I didn't have the energy to stand, the strength to stay upright.
So I sat, and felt the water hit my head, run through my hair.

I remember sitting there, thinking. 'Why can't all rain be this warm?'
And for a second, I didn't focus on the warmth washing over my shoulders and spine.
But the sound of the water pounding down on the metal of my bathtub,
the individual drops hitting my palms, and the rest as it seeps in the cracks and folds
of where my legs bend, my head hangs, and my eyes close.

It reminded me of something, the only thing, thought I cannot remember the name;
that I learned in psychology. The things in our brain we are so used to we turn off.
I hate the things I am used to, I want to learn the things I don't anymore.

I thought I was. I always have been afraid for the things that betrayed me.
Water, you swept me under your waves, depriving me the thing I know best.
To breathe.
And all you boys who broke my heart, who I took a risk to trust, who I put my heart into love.
You took the thing I knew best, the ability, to breathe.

Whats worse, being with someone who doesn't love you... Or not being with someone who does?
All I have ever wanted in my life, but never really had, was stability.

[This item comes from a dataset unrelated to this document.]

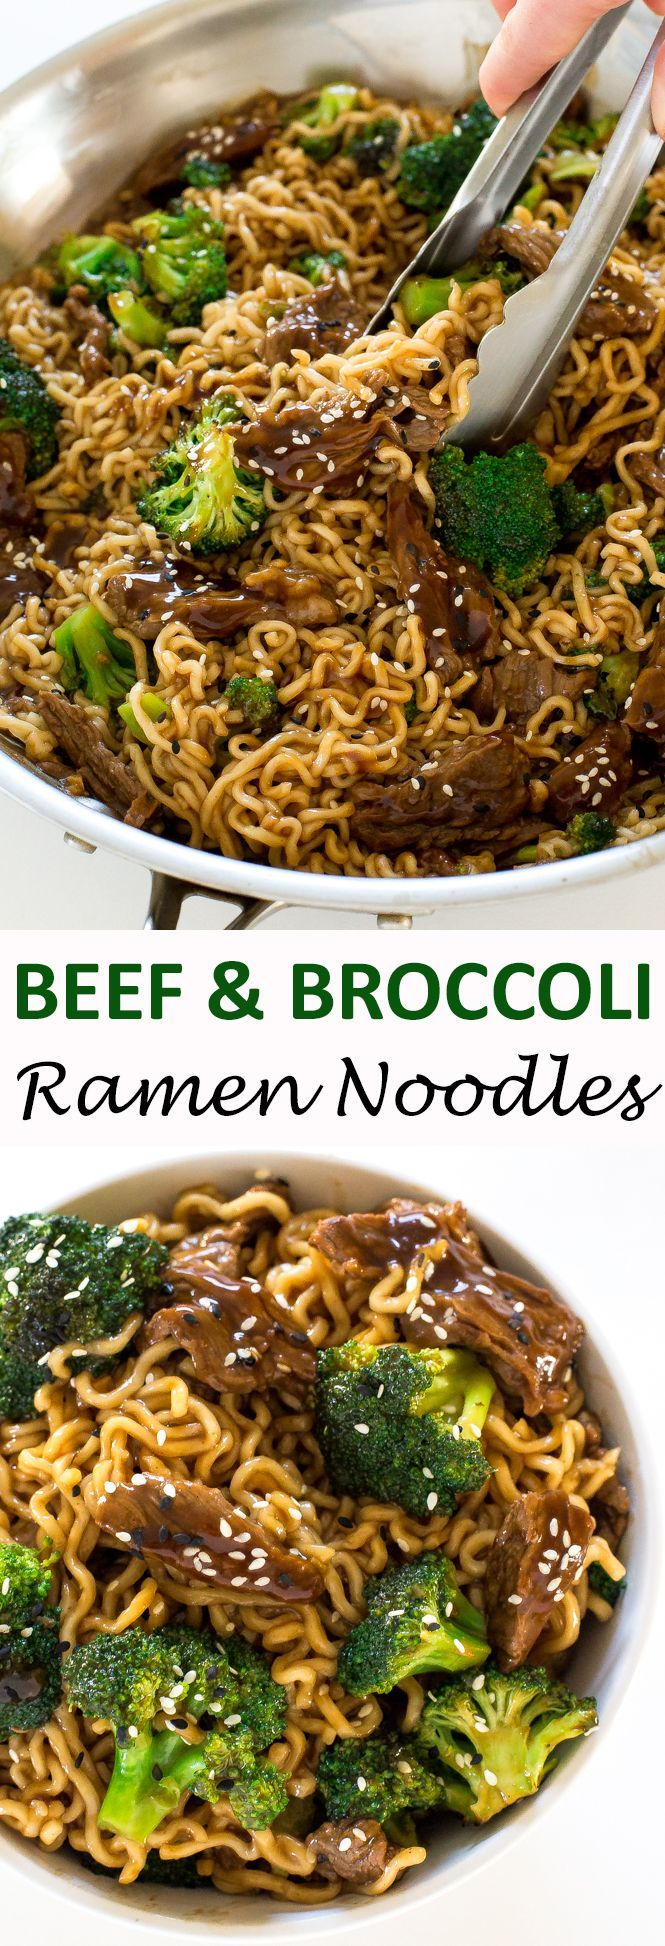 One Skillet Beef and Broccoli Ramen Add 1/4 hoisin sauce, 1 tsp siracha, 1 beef ramen packet, 1 extra tbsp brown sugar

The comfort to know,
what I had was security.

I remember the day I felt it hit me, those fireworks feelings, that rush that hits you when everything goes right? He held my hand behind the seat, and listened to me as I vented the things I don't care about, care to much about and hate about my life.
We went for a stroll under the dark lights, and I kissed him; it honestly never felt so right.
I never made the move to kiss a boy before, I was a virgin at it I suppose.
From that day, my life changed.

How is it fair, that you can have the benefits, the girl who loves you, her body, her lips,
her eyes only for you. That she will wait for you, and wont stop caring, because you mean that much. When she has every reason to walk away from you. And not look back?
And you cant even do her the decency, of saying she is your girl. Claiming ownership, or even.
Saying you are seeing each other, no obligations to be with anyone else, or even to say your are the BF/GF relationship. But just the courtesy so the world knows, you still have the interest and you still have the care. As much as I want to kiss you and sleep with you, and love you. I need something in return, I refuse to be the friends the benefits, or the fuck buddy.
Its to easy for you, to hard for me.

Have the respect, to care about me.

Its like sitting in the shower, you don't realize all the little things around you. Until they slowly hit you, and how much they matter. That is love isn't it?
I am not a patient person, and I don't do well with what I cannot understand.
There is a lyric, from some song I don't remember.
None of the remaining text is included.